UPDATE: Walter’s obituary in the Daily Bulletin is now online. You can follow the link here.
Walter Edward Garrison, fondly known by all as “Walt,” former Chief Engineer and General Manager of the Los Angeles County Sanitation Districts, passed away on November 6, 2014, at the age of 92. Mr. Garrison was born in Newark, New Jersey, and, at the age of 16, began studying engineering at Cooper Union College. During his studies, the United States entered World War II, and Mr. Garrison volunteered to serve in the U.S. Army Corps of Engineers ultimately promoting to Captain. After the war ended, he returned to complete his engineering degree, graduating in 1948. He was then hired by the Sanitation Districts, a regional agency that currently provides wastewater and solid waste management services to over 5.5 million people residing within 78 cities and unincorporated areas within Los Angeles County. The Sanitation Districts’ governing body is comprised of the mayors of the cities within the agency’s service area and the Chair of the County Board of Supervisors.
During Mr. Garrison’s career, he made many contributions to the agency that will be of great value long into the future. He was instrumental in the implementation of the Sanitation Districts’ water reclamation program in the early 1960s with the construction of the first wastewater treatment facility specifically designed to treat water to a high quality for groundwater recharge. That facility, the Whittier Narrows Water Reclamation Plant, became a historic civil engineering landmark as designated by the American Society of Civil Engineers. Today, the Sanitation Districts operate 11 wastewater treatment plants and produce over 100,000 acre-feet of recycled water for landscape and agricultural irrigation, groundwater recharge and industrial uses at over 750 reuse sites.
With the passage of state Proposition 13 in 1978, the Sanitation Districts were faced with changing from property tax funded wastewater services to a fee-for-service based program for residential, commercial and industrial customers throughout the Sanitation Districts’ service area. Mr. Garrison was tireless in his efforts to develop and implement a fee-based funding program that, with guidance of local elected officials and input from community groups, provided a foundation for future wastewater management services, which today are among the most cost effective in the country.
Mr.
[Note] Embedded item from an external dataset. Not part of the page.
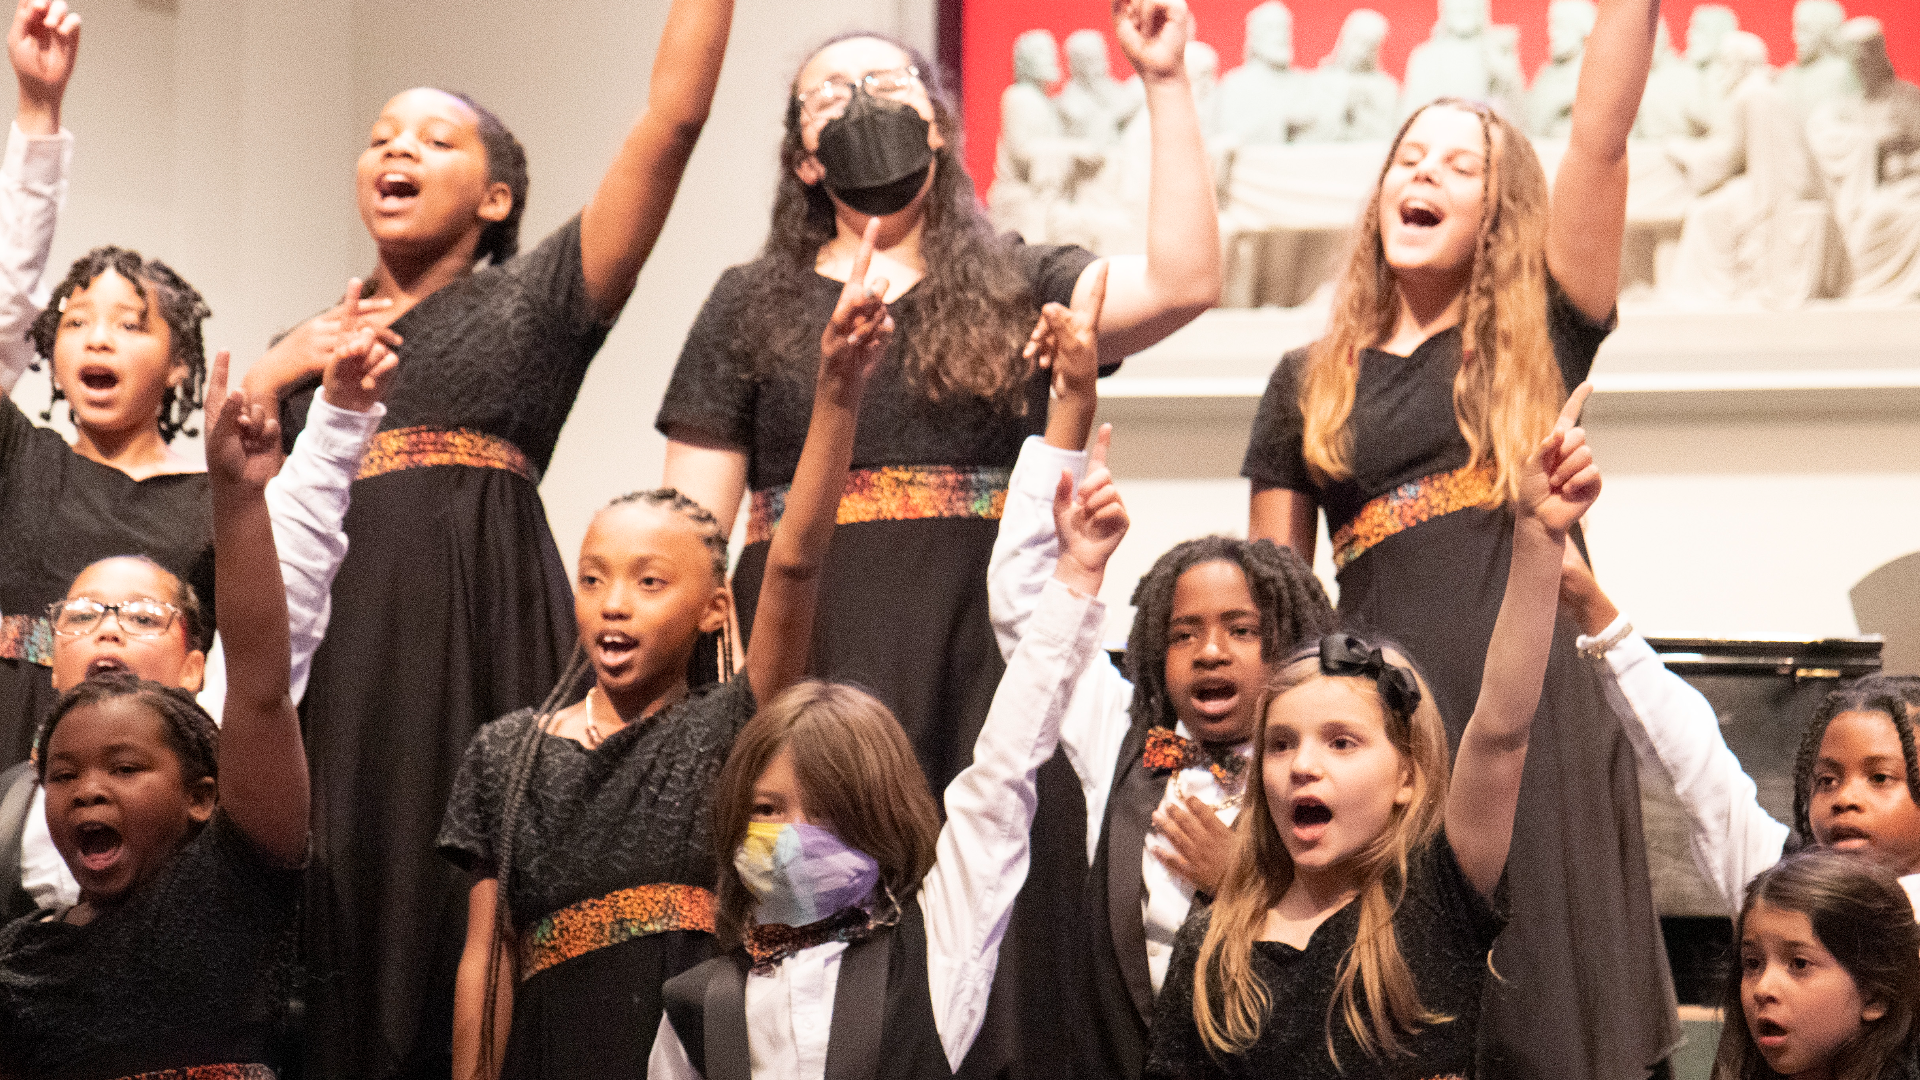 The Seattle Children's Chorus developed "LIFTED!" as way to create more opportunities for young singers south of downtown Seattle. #k5evening

Garrison also played a key role in the commencement of solid waste operations by the Sanitation Districts in the early 1960s. The banning of backyard incinerators by the Los Angeles County Board of Supervisors in the late 1950s created a need for regional disposal capacity. Mr. Garrison worked to develop a system of solid waste management facilities to serve the county’s needs that has provided up to 50 percent of the county’s disposal capacity. Today, the Sanitation Districts operate two landfills, three materials recovery/transfer facilities, two refuse-to-energy facilities and three landfill energy recovery facilities.
Mr. Garrison was a widely respected leader in the field of environmental engineering. He served as the President of the California Water Environment Association from 1968 to 1969 and as the President of the California Association of Sanitation Agencies from 1976 to 1977. Mr. Garrison was the author of numerous technical articles and reports and was board-certified by the American Academy of Environmental Engineers and Scientists.
Mr. Garrison is survived by his wife of 70 years, June, as well as six children, ten grandchildren and three great grandchildren.